第67話 クラウフェルト子爵家の噂
「姫、凄いな! それに、また守ってくれたんだね。いつもありがとう!」
足に頭を擦り付けていた織姫を抱き上げて、頬ずりをしながら勇がお礼を言う。
しばらく目を細めていたが、獲物を自慢して満足したのか、織姫は勇の腕の中ですぐに眠ってしまった。
膝の上ではよく寝ているが、抱きかかえられた状態で眠ってしまうことは珍しい。
「さすがオリヒメ先生、ではあるのですが、最後のはいったい?? ここまで鮮やかに切断したという話は聞いたことがありません……」
転がっていた残り3つのメタルリーチを拾った副団長のフェリクスが、切断面をしげしげと眺めながら驚嘆する。

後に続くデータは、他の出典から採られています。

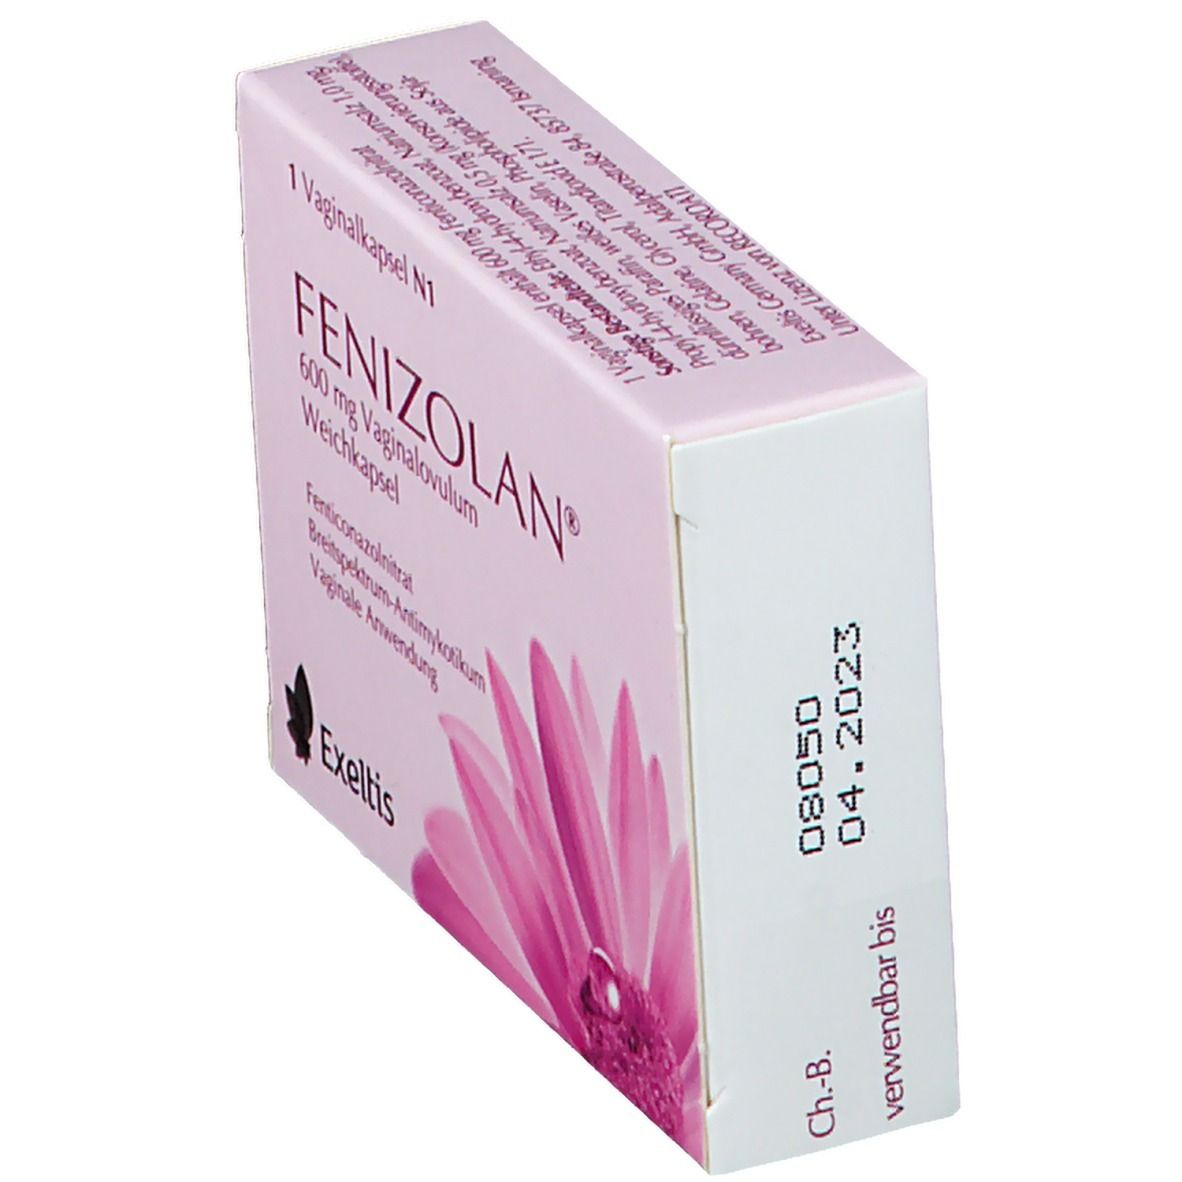 Fenizolan® Vaginalovulum

「完全に前後逆になっちゃいましたが、このメタルリーチってどんな魔物なんですか? 異常に硬いのと、素早いという事は分かりましたが……」
眠る織姫の眉間を撫でながら、勇がフェリクスに問いかける。
「詳しい生態はまだ謎が多いそうですが、リーチの突然変異体と言われています。この辺りはフォレストリーチがいるので、それだとは思うのですが、これまで自領でもお隣でも目撃談は無かったので……」
フェリクスが首を傾げながらそう答える。
空気中の魔力が濃いと変異するとか、特殊な鉱物を食べ続けると変異するとか言われているが、どれも噂に過ぎず発生条件は依然謎のままだ。

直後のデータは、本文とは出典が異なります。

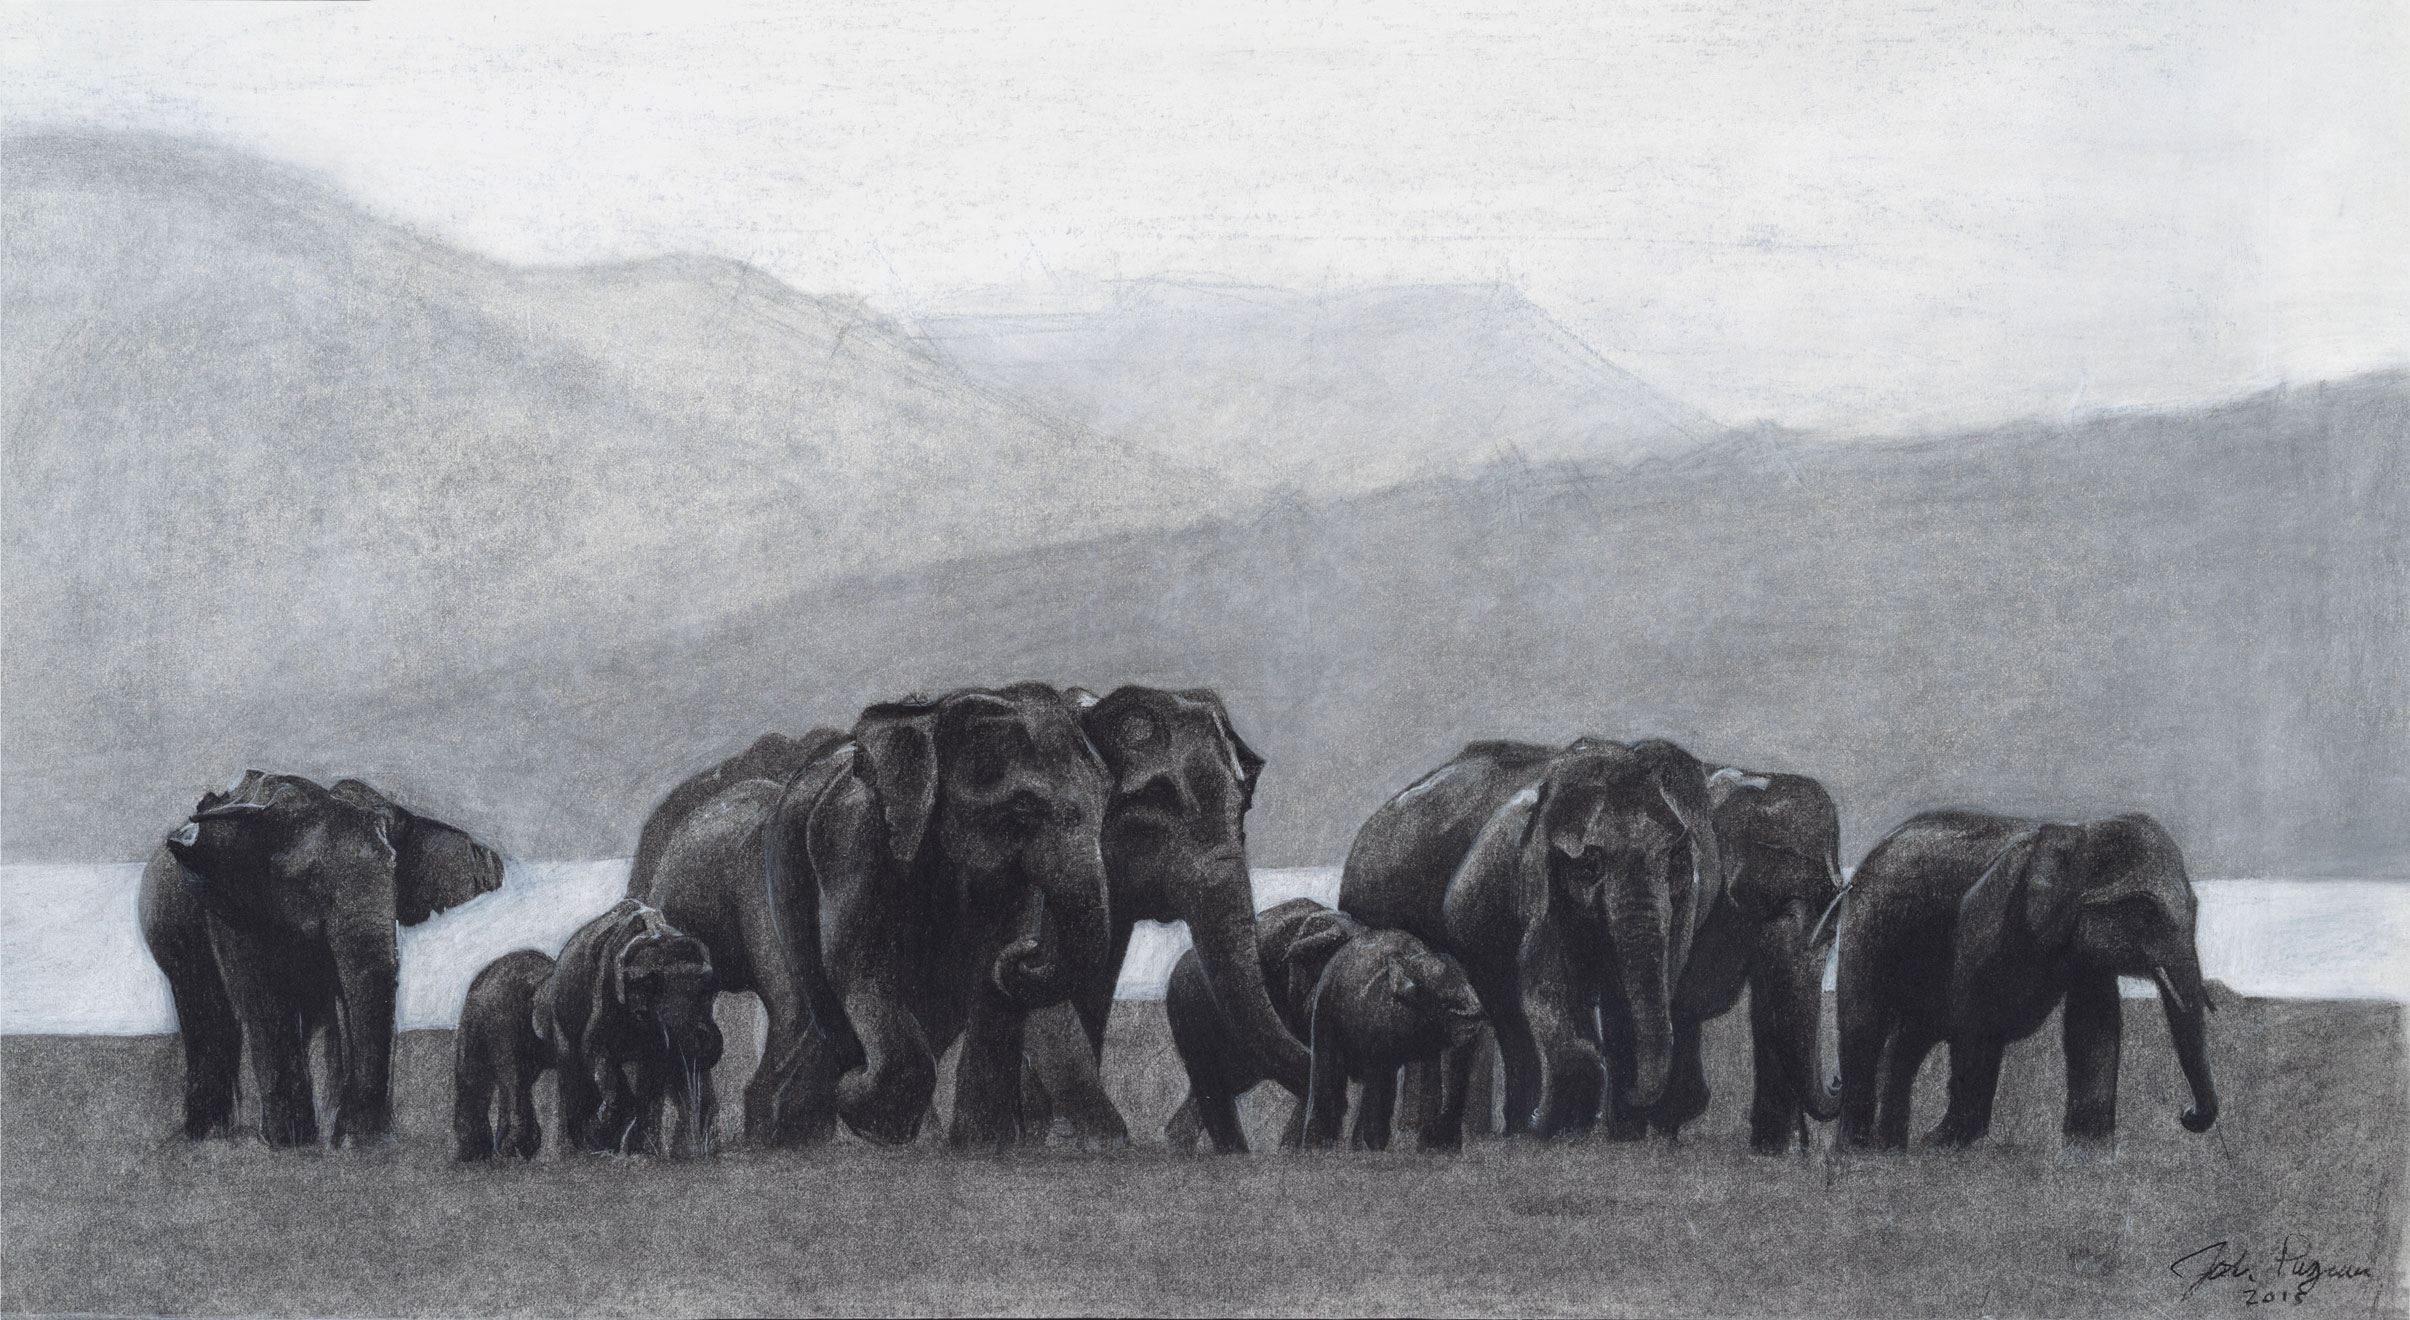 Parade of Elephants (Charcoal)

変異元と言われているフォレストリーチは、バレーボールサイズの大型の蛭で、岩場に生息するロックリーチなど、多くの亜種がいるポピュラーな魔物だ。
ほぼ球体の弾力ある体で飛び跳ねるように移動し、動物に吸い付いて体液を吸収する。
動いているものに取り付くのは難しいためか、弾力を生かした体当たりで獲物を気絶させてから吸い付くことが多い。
メタルリーチも同じような大きさだが、メタルの名が表す通り、全身が金属のようなもので出来ている。非常に硬質だが、生きている間は弾性も併せ持つという謎生物だ。
攻撃パターンはフォレストリーチと同じで、群れる事も無いが、かなりの遠距離から突然飛んでくる上に硬いため、頭などに直撃するとかなり危険だ。
最大の特徴が、その硬さだ。
普通の剣では傷一つつかず、剣で倒したという話はお伽噺になるレベルだと言う。
不利を悟ると逃げ出すことも多いため中々倒し辛いが、運良く倒す事が出来たら一攫千金も夢ではない。
素材として非常に有用で、高値で取引されているのだ。
「ひとまずその素材は、イサム殿がとっておくといいと思うよ。魔力を流しながら加工するんだけど、硬いし独特の光沢が綺麗な上、色んな特性があって使い道が色々あるんだ。きっと今後の研究に役立つはずだよ」
やり取りを聞いていたセルファース子爵がゆっくり歩いてきてそう言う。
「いいんですか? 高価な素材なんですよね?」
「かまわんさ。そもそも倒したのはオリヒメ殿だしね。それに、見事に切断してあるから買取に出すと目立つと思うよ?」
苦笑しながらセルファースが答えた。
「あーー、なるほど。剣では倒せないって話ですもんね……」
「そういう事。それよりも、最初は斬れなかったのに、最後に斬れたのはどうしてなんだろうね? イサム殿が驚いていたみたいだけど」
「あー、あの光が見えたのはやっぱり私だけだったんですね」
「イサムさんだけ、という事は魔力が見えた、オリヒメちゃんが魔法を使ったという事ですか!?」
隣で聞いていたアンネマリーが驚きの声を上げる。
「はい。間違いないと思います。何か姫が呟いた後、光魔法っぽい光が前足に集まっていたので……。相当濃い光でしたよ。メイジオーガの
「何らかの強化魔法が使える、と見るのが自然よね。さすが神様の化身だわ」
ニコレットが眠る織姫を見て目を細める。
「すぐに眠ってしまったのは、魔力を沢山使ったからですかね?」
「多分そうでしょうね。オリヒメちゃんにどれくらい魔力があるかは分からないけれど、メタルリーチを切っちゃうくらいの魔法だもの」
「そっか……。ありがとう、姫。頑張ってくれたんだね」
そう言いながら、勇は織姫を抱きすくめる腕の力を、少しだけ強めた。
そこからお隣ヤンセン子爵領の最初の町バダロナまでは、魔物と遭遇することなく順調な道程だった。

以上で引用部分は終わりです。